** Study material follows **

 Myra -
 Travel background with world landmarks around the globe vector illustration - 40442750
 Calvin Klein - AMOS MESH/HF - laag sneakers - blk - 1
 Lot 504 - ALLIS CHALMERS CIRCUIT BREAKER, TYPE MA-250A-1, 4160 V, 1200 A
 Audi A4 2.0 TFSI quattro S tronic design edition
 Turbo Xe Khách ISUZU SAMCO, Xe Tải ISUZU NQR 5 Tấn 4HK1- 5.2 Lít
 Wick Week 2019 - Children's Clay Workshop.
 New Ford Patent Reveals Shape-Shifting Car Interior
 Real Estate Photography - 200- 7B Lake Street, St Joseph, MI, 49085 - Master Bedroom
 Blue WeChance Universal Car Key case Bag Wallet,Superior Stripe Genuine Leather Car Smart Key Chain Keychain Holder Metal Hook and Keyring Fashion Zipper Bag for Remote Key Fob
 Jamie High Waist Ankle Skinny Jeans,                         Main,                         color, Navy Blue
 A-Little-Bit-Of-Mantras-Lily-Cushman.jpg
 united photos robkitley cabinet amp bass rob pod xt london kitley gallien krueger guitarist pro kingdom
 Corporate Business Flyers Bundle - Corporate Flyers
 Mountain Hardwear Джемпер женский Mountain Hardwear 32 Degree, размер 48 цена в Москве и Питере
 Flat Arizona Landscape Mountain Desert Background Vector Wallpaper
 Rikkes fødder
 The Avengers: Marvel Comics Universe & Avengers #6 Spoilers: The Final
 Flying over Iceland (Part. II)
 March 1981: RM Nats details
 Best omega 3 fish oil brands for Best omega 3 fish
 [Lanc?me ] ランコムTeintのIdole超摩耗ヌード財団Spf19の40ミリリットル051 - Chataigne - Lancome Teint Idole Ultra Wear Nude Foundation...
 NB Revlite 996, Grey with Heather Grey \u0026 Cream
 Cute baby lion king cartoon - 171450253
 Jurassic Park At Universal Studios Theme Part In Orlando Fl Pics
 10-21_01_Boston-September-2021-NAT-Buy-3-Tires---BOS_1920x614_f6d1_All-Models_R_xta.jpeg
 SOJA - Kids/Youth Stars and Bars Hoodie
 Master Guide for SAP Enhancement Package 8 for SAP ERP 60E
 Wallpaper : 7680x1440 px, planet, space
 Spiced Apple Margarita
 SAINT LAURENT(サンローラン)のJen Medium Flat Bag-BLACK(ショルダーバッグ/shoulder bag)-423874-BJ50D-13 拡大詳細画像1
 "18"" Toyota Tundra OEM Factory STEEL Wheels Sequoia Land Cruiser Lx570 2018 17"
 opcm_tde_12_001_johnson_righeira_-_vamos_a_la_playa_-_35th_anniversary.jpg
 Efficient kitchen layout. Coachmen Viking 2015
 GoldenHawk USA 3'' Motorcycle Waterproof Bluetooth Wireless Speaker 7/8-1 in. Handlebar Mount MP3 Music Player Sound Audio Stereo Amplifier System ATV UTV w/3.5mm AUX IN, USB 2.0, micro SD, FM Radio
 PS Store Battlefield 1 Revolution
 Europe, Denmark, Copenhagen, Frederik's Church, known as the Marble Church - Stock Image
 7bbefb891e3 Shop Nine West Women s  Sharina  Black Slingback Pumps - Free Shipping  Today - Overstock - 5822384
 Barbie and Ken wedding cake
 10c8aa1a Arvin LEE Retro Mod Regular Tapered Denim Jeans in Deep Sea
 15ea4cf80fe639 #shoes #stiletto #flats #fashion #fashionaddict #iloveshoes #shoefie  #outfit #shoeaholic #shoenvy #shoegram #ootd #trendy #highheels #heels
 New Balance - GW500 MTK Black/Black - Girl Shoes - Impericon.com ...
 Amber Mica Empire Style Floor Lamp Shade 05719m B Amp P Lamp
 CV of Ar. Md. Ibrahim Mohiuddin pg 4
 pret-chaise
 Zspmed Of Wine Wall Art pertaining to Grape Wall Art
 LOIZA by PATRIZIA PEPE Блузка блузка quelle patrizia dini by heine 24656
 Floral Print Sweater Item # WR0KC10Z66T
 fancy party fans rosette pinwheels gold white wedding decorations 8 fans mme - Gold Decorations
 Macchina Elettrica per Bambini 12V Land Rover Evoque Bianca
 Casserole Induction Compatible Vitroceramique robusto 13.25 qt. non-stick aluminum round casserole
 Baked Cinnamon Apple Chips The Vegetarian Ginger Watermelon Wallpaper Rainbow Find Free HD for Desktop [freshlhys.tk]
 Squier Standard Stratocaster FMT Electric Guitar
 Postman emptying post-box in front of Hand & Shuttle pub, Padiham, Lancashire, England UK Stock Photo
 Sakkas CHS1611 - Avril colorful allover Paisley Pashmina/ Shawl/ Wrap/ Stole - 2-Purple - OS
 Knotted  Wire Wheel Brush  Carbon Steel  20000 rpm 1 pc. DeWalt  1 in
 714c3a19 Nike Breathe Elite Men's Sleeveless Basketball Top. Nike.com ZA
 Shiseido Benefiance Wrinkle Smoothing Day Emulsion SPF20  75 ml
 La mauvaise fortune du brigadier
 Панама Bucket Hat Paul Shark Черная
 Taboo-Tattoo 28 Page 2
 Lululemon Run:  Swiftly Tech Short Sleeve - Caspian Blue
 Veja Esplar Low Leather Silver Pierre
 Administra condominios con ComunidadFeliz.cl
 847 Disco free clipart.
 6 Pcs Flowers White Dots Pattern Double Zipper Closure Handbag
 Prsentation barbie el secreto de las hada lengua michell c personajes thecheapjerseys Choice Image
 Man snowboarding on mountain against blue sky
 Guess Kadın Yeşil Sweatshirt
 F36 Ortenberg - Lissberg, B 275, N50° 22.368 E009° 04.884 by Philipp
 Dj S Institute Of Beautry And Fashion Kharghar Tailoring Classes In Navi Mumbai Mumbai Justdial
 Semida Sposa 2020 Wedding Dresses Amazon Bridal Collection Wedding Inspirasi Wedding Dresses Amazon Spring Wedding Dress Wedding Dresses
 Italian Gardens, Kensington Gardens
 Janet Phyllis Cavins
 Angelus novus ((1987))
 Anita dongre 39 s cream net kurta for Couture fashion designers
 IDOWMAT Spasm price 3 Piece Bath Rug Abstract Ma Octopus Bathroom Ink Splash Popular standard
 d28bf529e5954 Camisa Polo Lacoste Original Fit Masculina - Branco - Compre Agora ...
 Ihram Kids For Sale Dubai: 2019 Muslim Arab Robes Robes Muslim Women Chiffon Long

** End of Study material **

- Exercise prompt
In the material above, find the line containing "PS Store Battlefield 1 Revolution" and the line containing "Dj S Institute", then write out exactly those two lines and every line between them, and nothing more.

- Written solution
 PS Store Battlefield 1 Revolution
 Europe, Denmark, Copenhagen, Frederik's Church, known as the Marble Church - Stock Image
 7bbefb891e3 Shop Nine West Women s  Sharina  Black Slingback Pumps - Free Shipping  Today - Overstock - 5822384
 Barbie and Ken wedding cake
 10c8aa1a Arvin LEE Retro Mod Regular Tapered Denim Jeans in Deep Sea
 15ea4cf80fe639 #shoes #stiletto #flats #fashion #fashionaddict #iloveshoes #shoefie  #outfit #shoeaholic #shoenvy #shoegram #ootd #trendy #highheels #heels
 New Balance - GW500 MTK Black/Black - Girl Shoes - Impericon.com ...
 Amber Mica Empire Style Floor Lamp Shade 05719m B Amp P Lamp
 CV of Ar. Md. Ibrahim Mohiuddin pg 4
 pret-chaise
 Zspmed Of Wine Wall Art pertaining to Grape Wall Art
 LOIZA by PATRIZIA PEPE Блузка блузка quelle patrizia dini by heine 24656
 Floral Print Sweater Item # WR0KC10Z66T
 fancy party fans rosette pinwheels gold white wedding decorations 8 fans mme - Gold Decorations
 Macchina Elettrica per Bambini 12V Land Rover Evoque Bianca
 Casserole Induction Compatible Vitroceramique robusto 13.25 qt. non-stick aluminum round casserole
 Baked Cinnamon Apple Chips The Vegetarian Ginger Watermelon Wallpaper Rainbow Find Free HD for Desktop [freshlhys.tk]
 Squier Standard Stratocaster FMT Electric Guitar
 Postman emptying post-box in front of Hand & Shuttle pub, Padiham, Lancashire, England UK Stock Photo
 Sakkas CHS1611 - Avril colorful allover Paisley Pashmina/ Shawl/ Wrap/ Stole - 2-Purple - OS
 Knotted  Wire Wheel Brush  Carbon Steel  20000 rpm 1 pc. DeWalt  1 in
 714c3a19 Nike Breathe Elite Men's Sleeveless Basketball Top. Nike.com ZA
 Shiseido Benefiance Wrinkle Smoothing Day Emulsion SPF20  75 ml
 La mauvaise fortune du brigadier
 Панама Bucket Hat Paul Shark Черная
 Taboo-Tattoo 28 Page 2
 Lululemon Run:  Swiftly Tech Short Sleeve - Caspian Blue
 Veja Esplar Low Leather Silver Pierre
 Administra condominios con ComunidadFeliz.cl
 847 Disco free clipart.
 6 Pcs Flowers White Dots Pattern Double Zipper Closure Handbag
 Prsentation barbie el secreto de las hada lengua michell c personajes thecheapjerseys Choice Image
 Man snowboarding on mountain against blue sky
 Guess Kadın Yeşil Sweatshirt
 F36 Ortenberg - Lissberg, B 275, N50° 22.368 E009° 04.884 by Philipp
 Dj S Institute Of Beautry And Fashion Kharghar Tailoring Classes In Navi Mumbai Mumbai Justdial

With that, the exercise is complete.